OK so the very next hand, I actually just noticed this during, when I was replaying through the hands. So I didn't notice this. I didn't notice this during the tournament actually. So what do you notice? We're actually in the exact same situation again, right. But we have different cards. So it's good that we thought about our overall strategy when we played that hand, because you will end up in the same situation again with different cards. OK, so along the same lines-- but at the time I was probably playing like 15 tables or more. So I wasn't really paying attention. I probably didn't remember that I reraised my opponent the hand before. But playing through this, it actually yielded a really good result. Because what happened was they didn't believe my three-bet the second time around, and they went all in with pocket sevens. It's not a terrible hand, but it's definitely, I think, a weaker hand than they would usually go all in there with. But I guess they didn't believe my reraise after the previous hand. So this also sort of illustrates the importance of like you said, of sometimes having a bad hand when you reraise, so that people will give you action when you do have a good hand like pocket jacks.

OK, so let's go on. I'm only playing through the hands that I essentially played at the start of the tournament. So we doubled up. The starting stack was 3,000. We've got 6,000 now. We get ace-queen, we raise, and we get called here. And here, this guy makes it-- so this is a different player, because we eliminated the guy who used to sit here. And they make it 755. I decide to fold here. I think ace-queen offsuit is just a bit too weak. I think going all in is-- it wouldn't be terrible, but I think when we raised from fairly early position, under-the-gun plus one. And this high jack called. They're not going to be doing this as a bluff very often. And their reraise to 755 I think usually commits them. It's not guaranteed that they're going to go all in if we-- they're going to call us if we go all in. But I think most likely they will, and they're going to be ahead of our range. So I decide to fold. It's a fairly tight fold. So it is a stack.

I'm just going to continue playing through my hands from the tournament. If you have any questions, just stop me and ask. So this is sort of a weird hand, and I actually think I played this hand quite terribly. So this guy calls, which I said we should never do, but I guess he doesn't take my class. We get queen-10 here. We check, we see a flop. So we flop two over cards, a backdoor flush draw and a gutter straight draw. So I decide to lead into it, sort of lead my draws out, hope he folds. He calls, and the turn is a three. And then here, so this is where I sort of, he decided he suffered at me. So I talked about how he should only be doing this if he doesn't respect me. Because I mean in this case, it's not a completely insignificant fraction of the pot. It's like one sixth. So he is actually getting some substantial payment into the pot, but it's still fairly small. And the main thing it does is it gives me an opportunity to check-raise. But I'm not going to. I don't think they're going to fold often enough. There's a lot of draws they're going to call me with, and I'm going to have to bluff again on the river. So I decide to just call, which is reasonable.
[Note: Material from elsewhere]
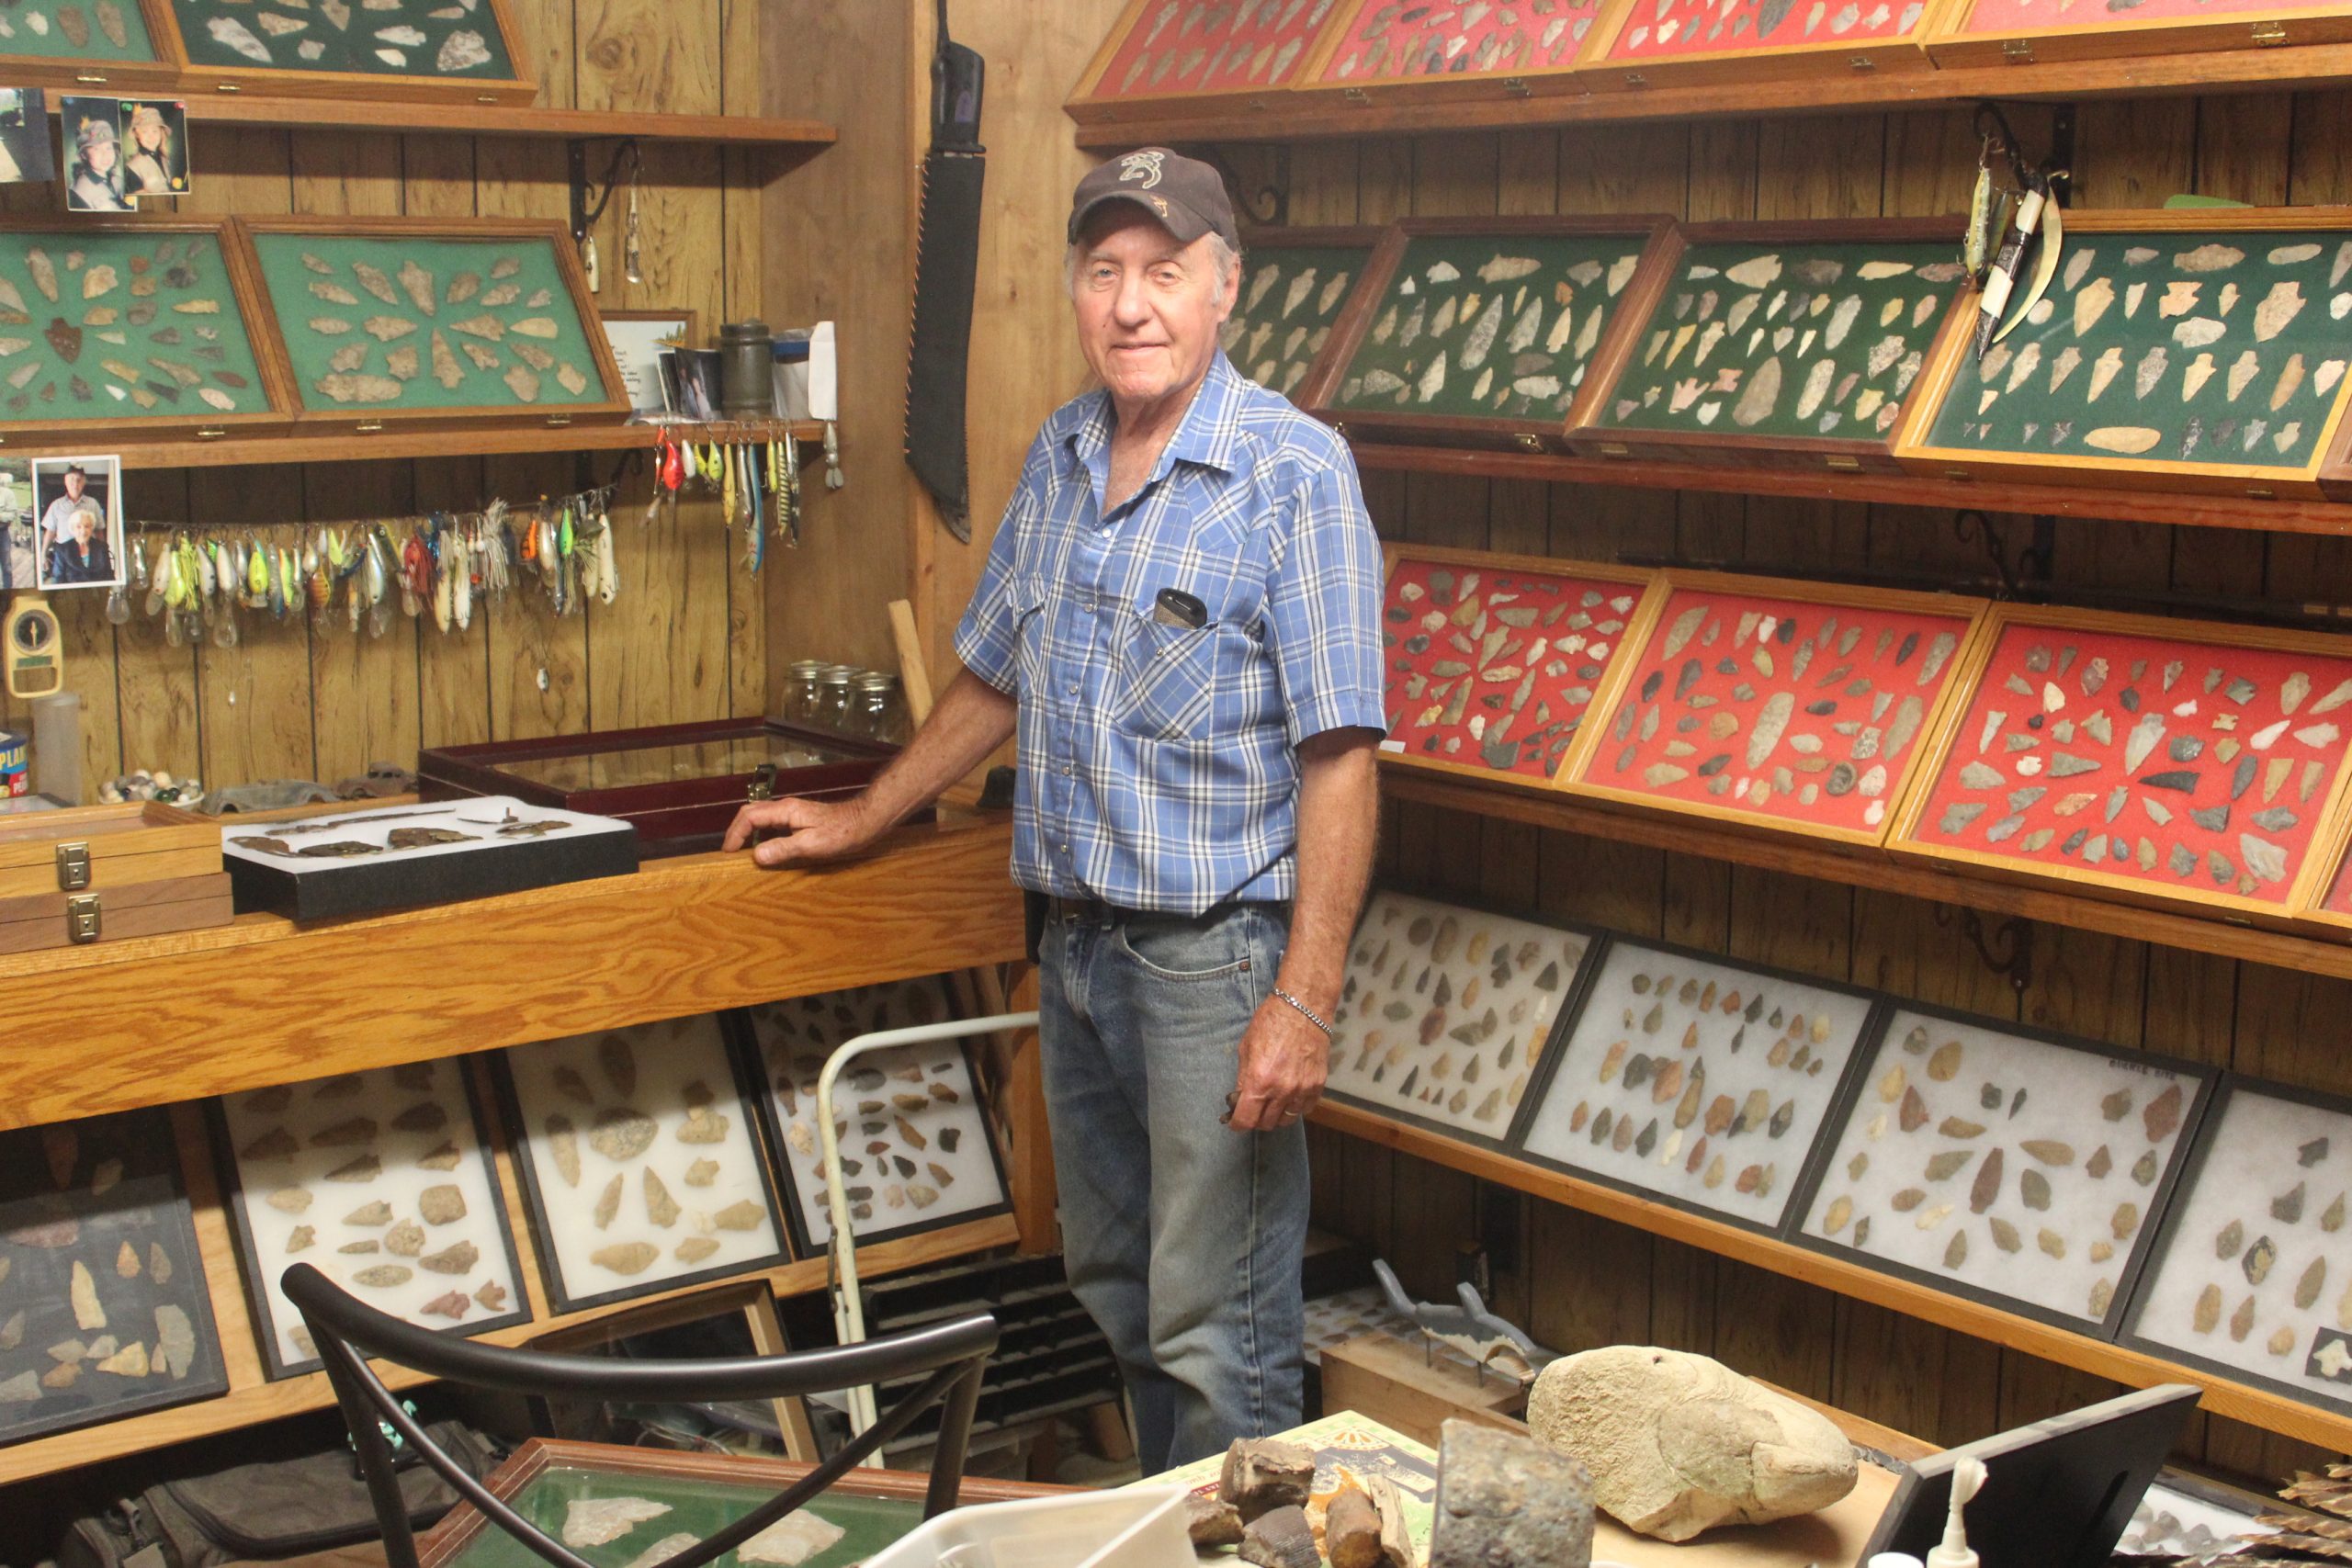 Trussville collector shares his mini museum of buried treasure
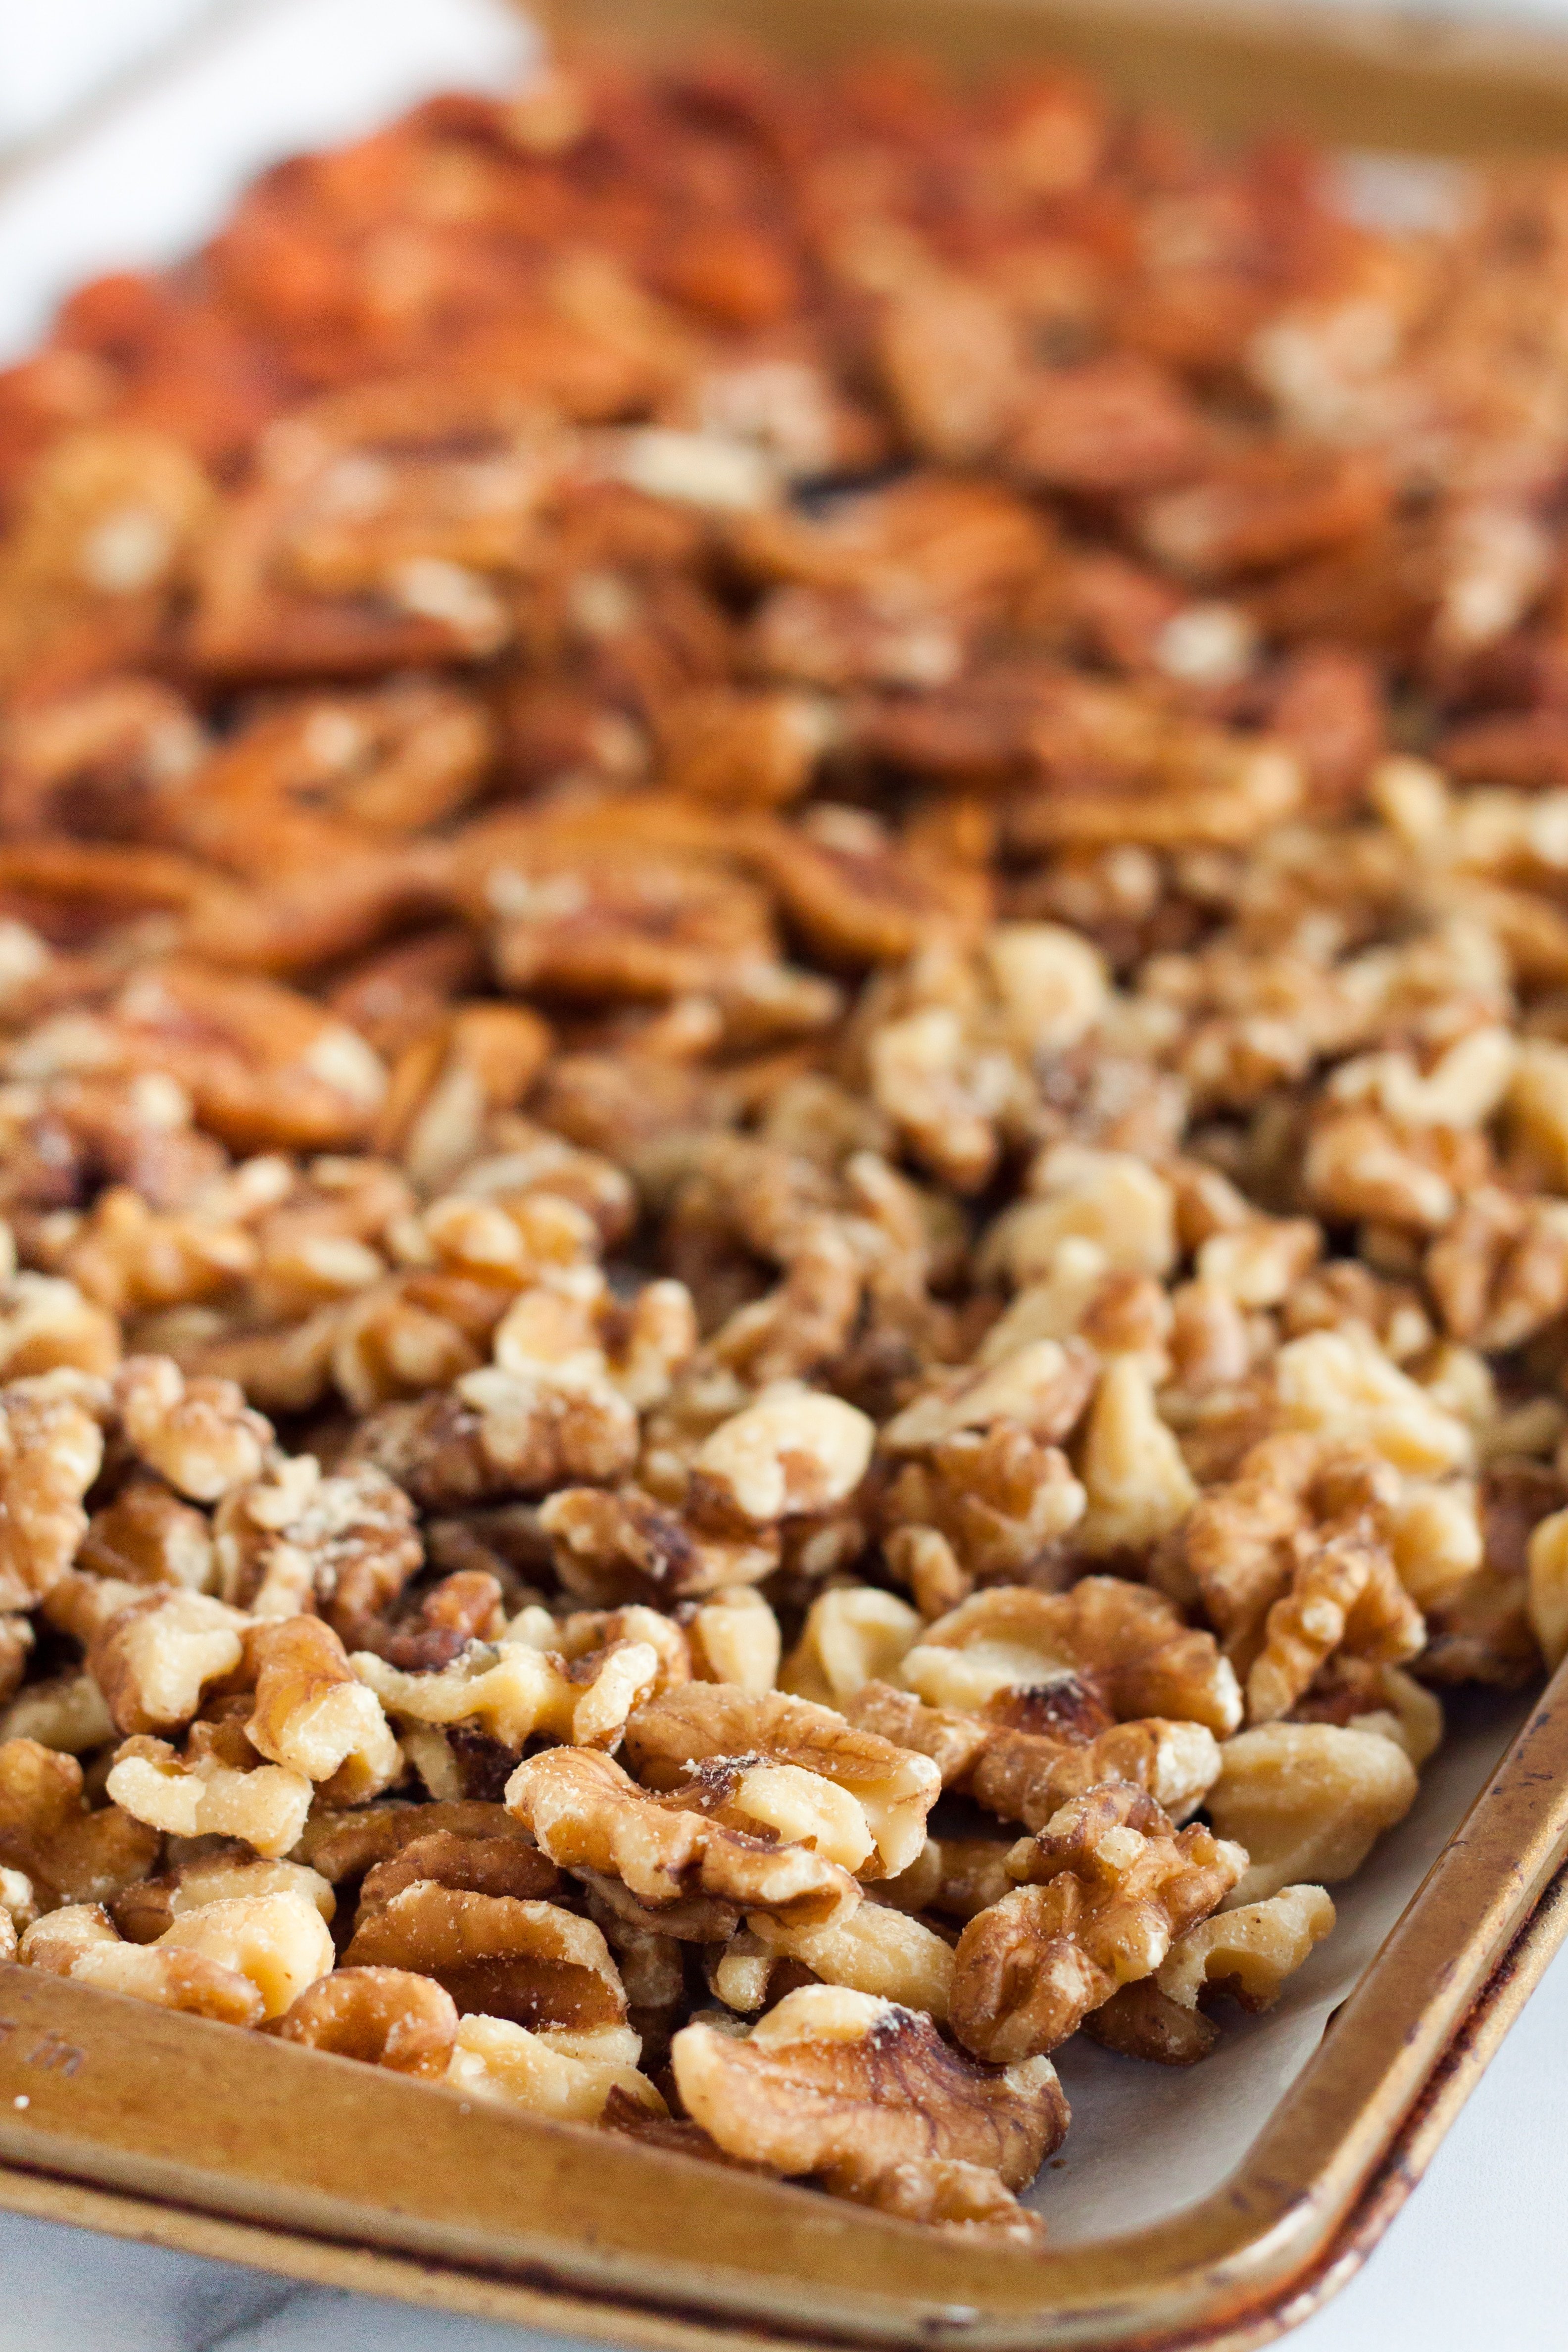 Baking sheet with Almonds, Walnuts, and Pecans placed evenly across with a drizzle of coconut oil.

So this is where I think I played the hand poorly. So the river completes a lot of draws, but it doesn't complete my hand. And I just check it down. I just check it, which at the time I didn't lead out, because I thought the fact that I only called the turn and suddenly decided to bet big on the river would probably get called. But I think it's just not a balanced way to play the hand, because plenty of times I will have clubs, or I'll have jack-10 or something. I'll have a jack, and I will want to bet for value. And here when I have a hand that essentially has no chance of winning the hand at showdown. Like essentially, I'm giving up the pot for sure if I check, because my queen high will never be good. I should definitely be bluffing. So I didn't, which I regret, because I let him take down the pot with a pair of threes. Yeah, I guess he kind of played that hand well. He called eight-three suited. I guess he made money from me, because I didn't play very well from the big blind.

OK so the next hand, we get king-jack offsuit here. We open, probably one of the weakest hands I'm opening from this position. I think probably in my recommendations, this is not in the list you should open from, high jack minus one. But I decide to open, because I'm bored I guess. And we get three callers. OK, so the flop is four, six, four with two hearts. So I decide to continuation bet here. I think it's a fairly marginal spot. I think just giving up is OK. I definitely wouldn't have stabbed at the pot if I didn't have the King of Hearts. But the fact that I have a backdoor pretty good flush draw, I decided to bet and just hope that everyone folds. And we do get that which is pretty nice.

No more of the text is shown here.